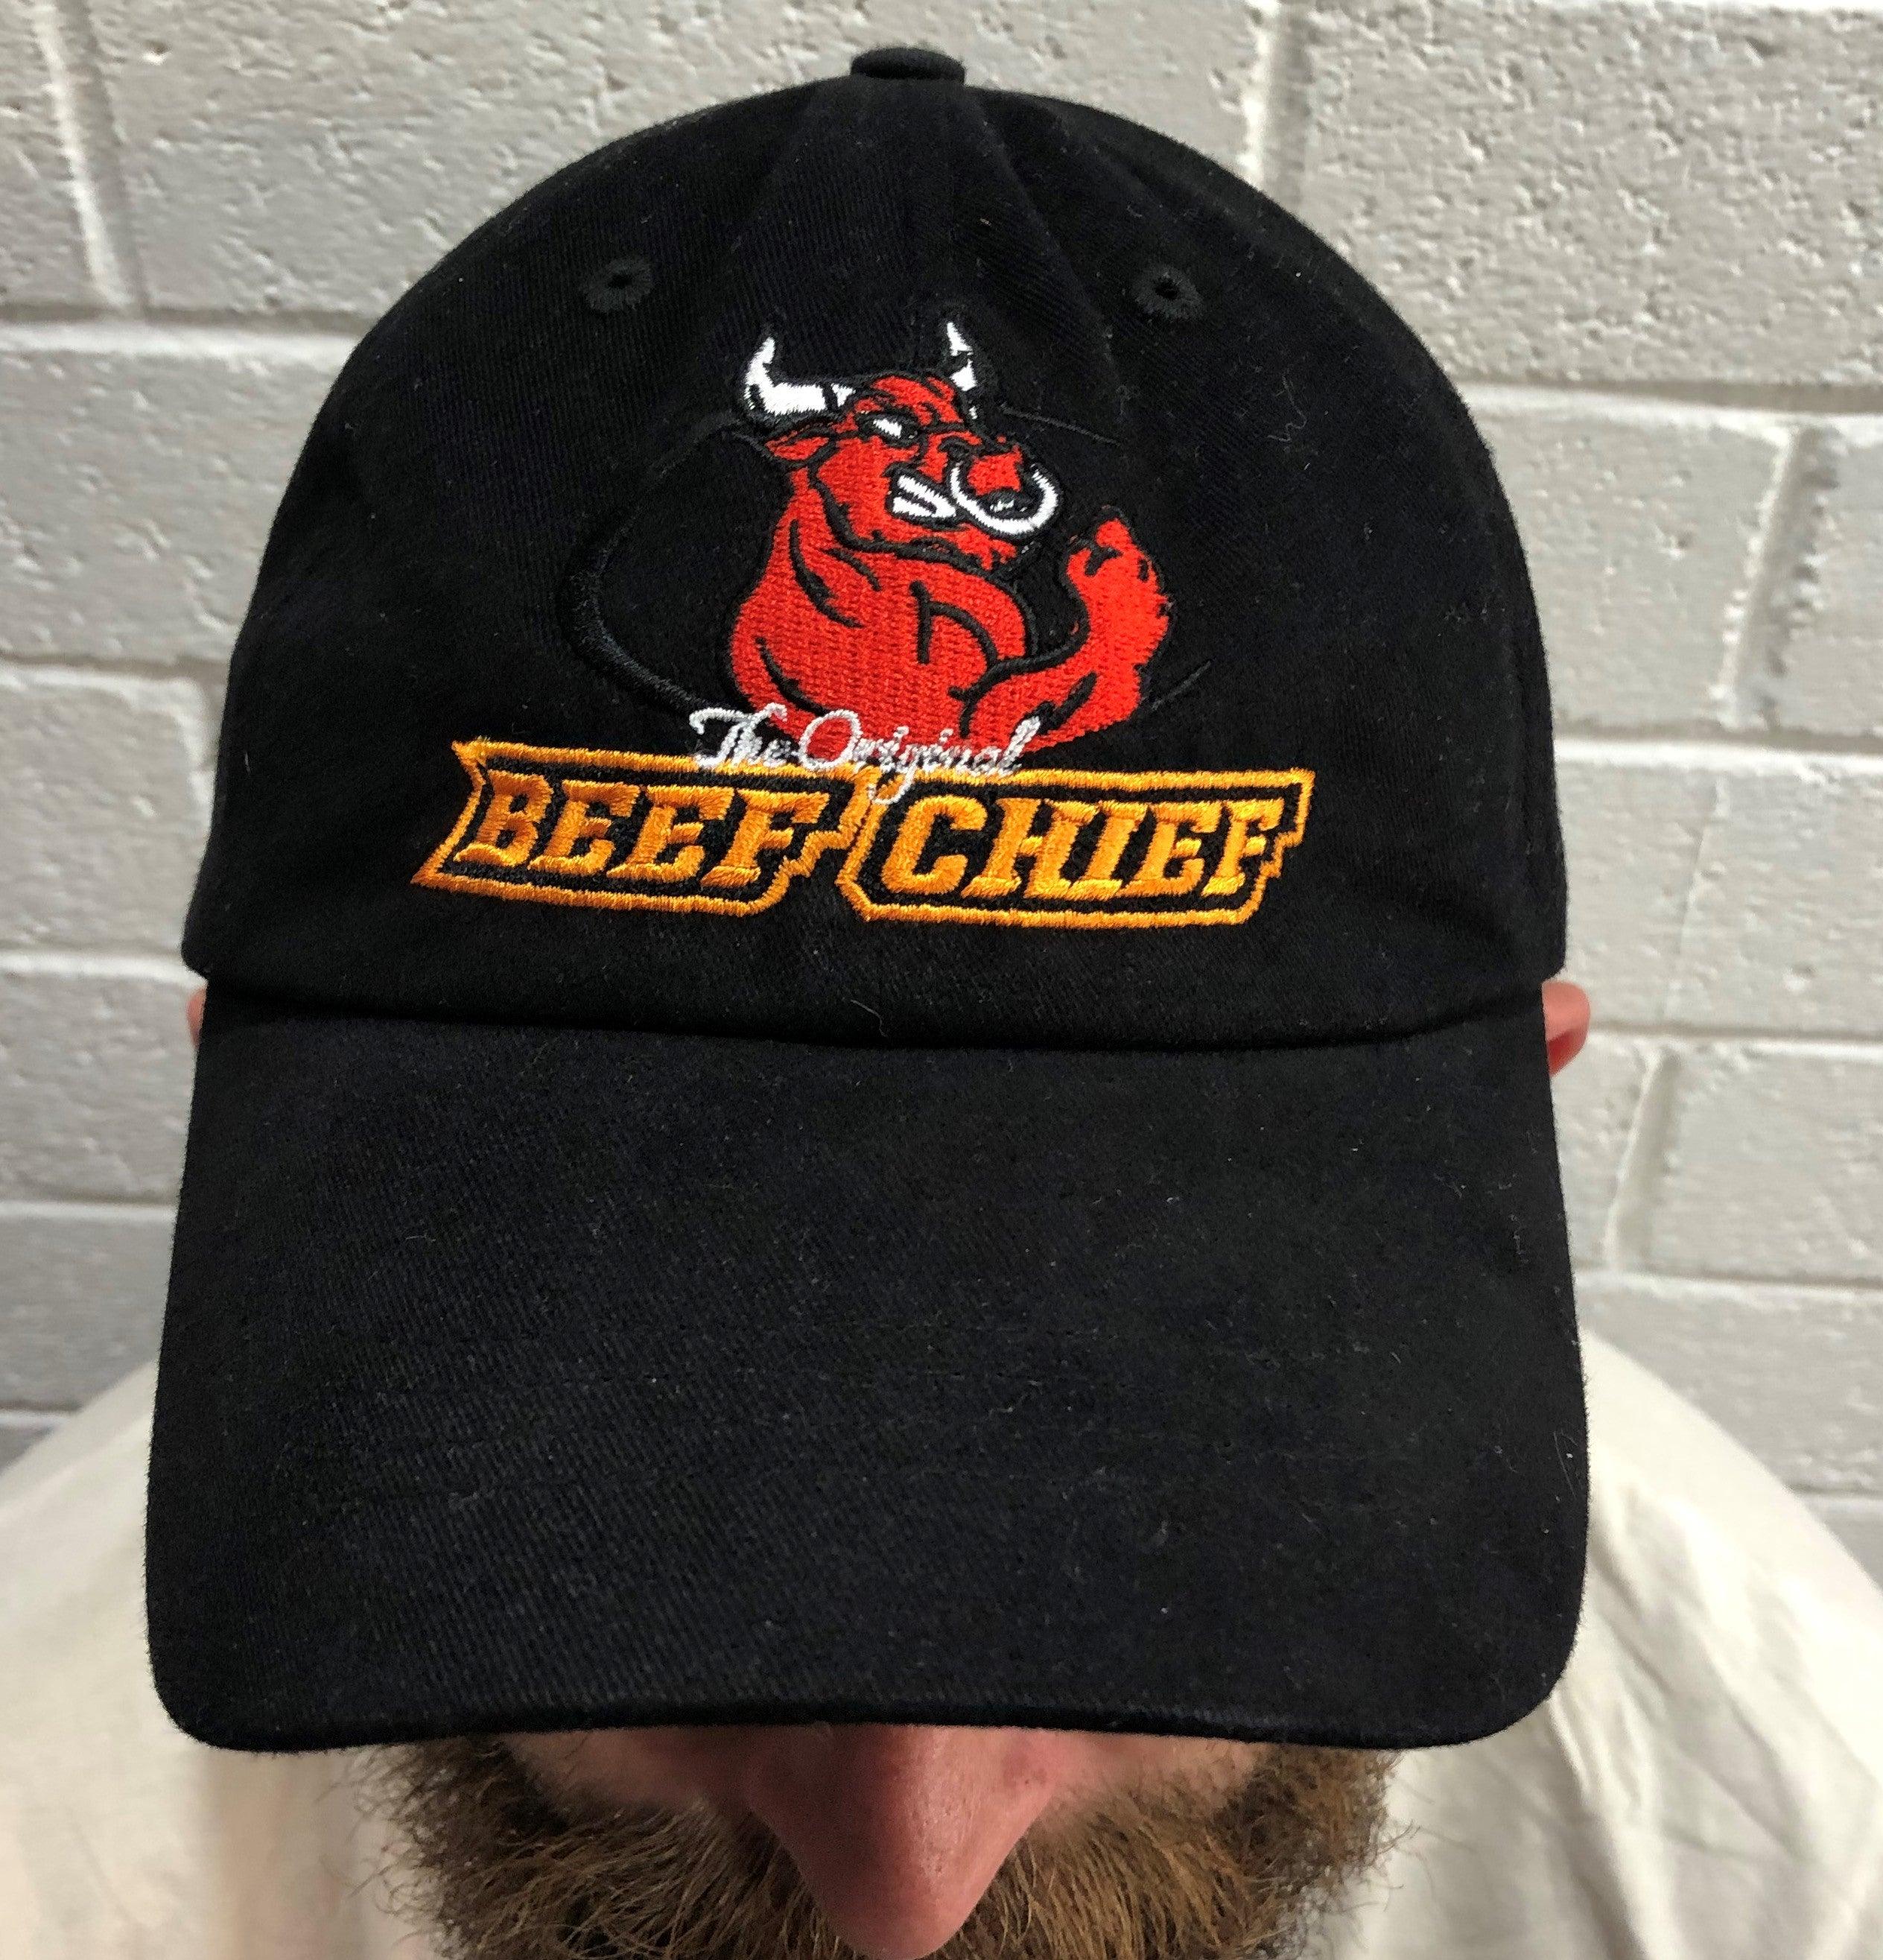 Beef Chief Hat - Original Beef Chief
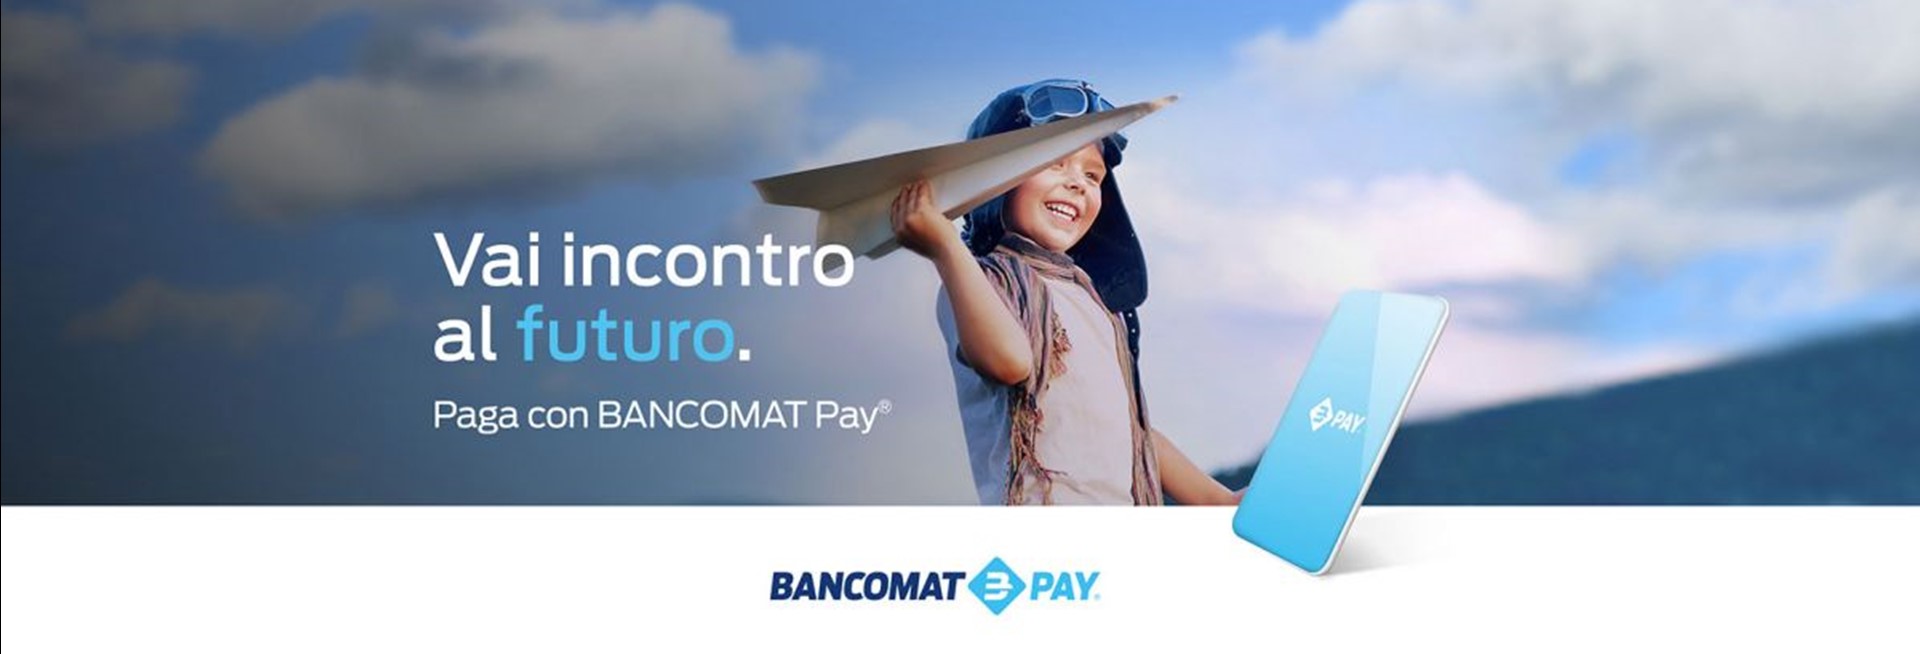 Bancomat pay v2
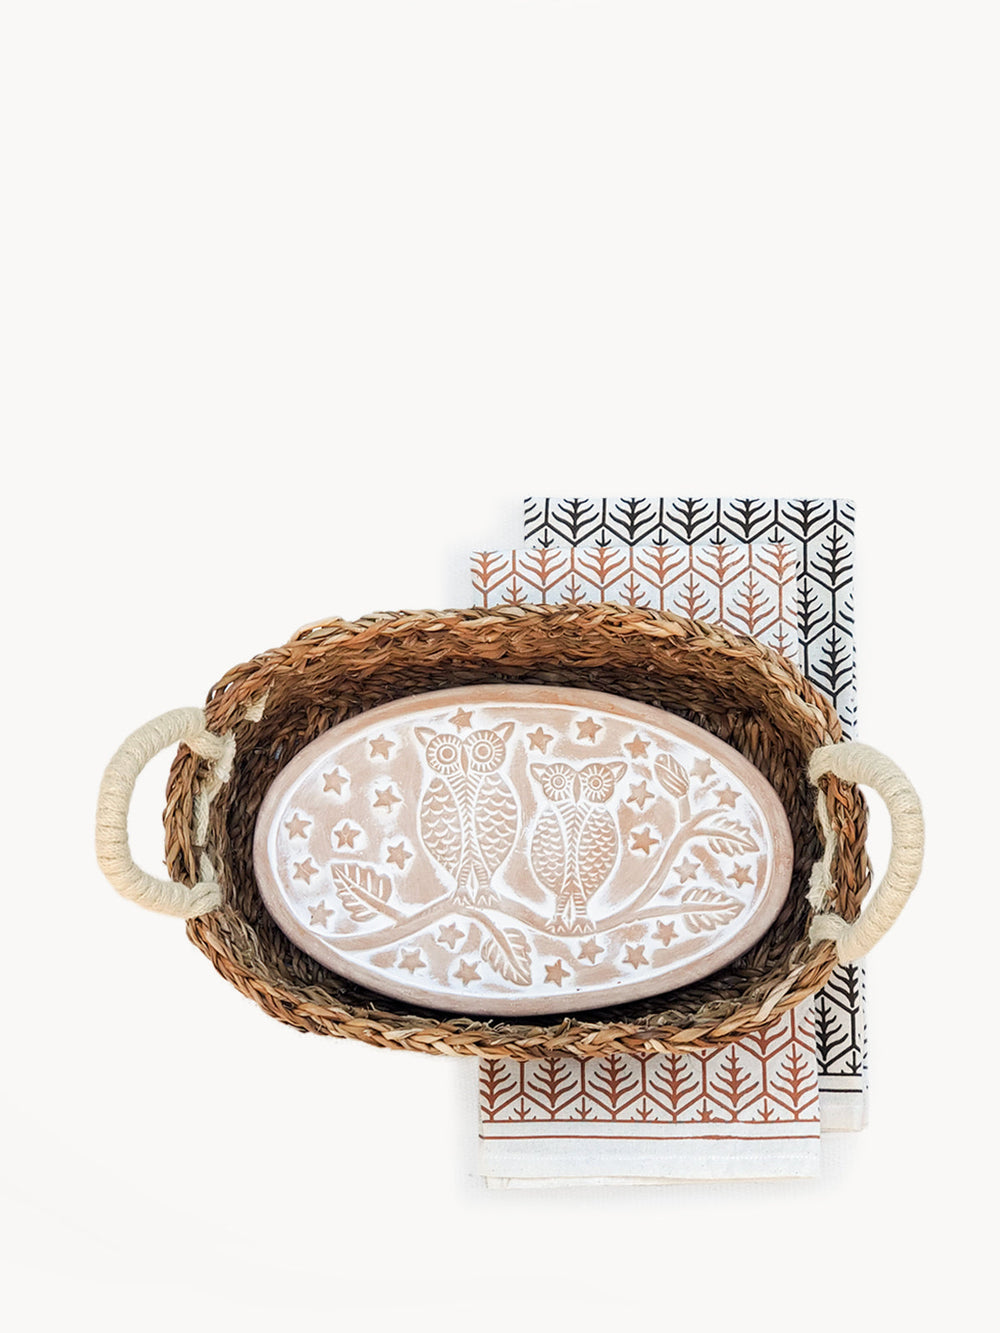 Bread Warmer & Basket Gift Set with Tea Towel - Owl Oval by KORISSA

*PROBLEM REQUIREMENTS*:
The result is an exact copy of the lines from the one holding "Bancomat pay v2" through the final line of the data above, both ends included, minus the pictures.

*WRITTEN RESPONSE*:
 Bancomat pay v2
 Bread Warmer & Basket Gift Set with Tea Towel - Owl Oval by KORISSA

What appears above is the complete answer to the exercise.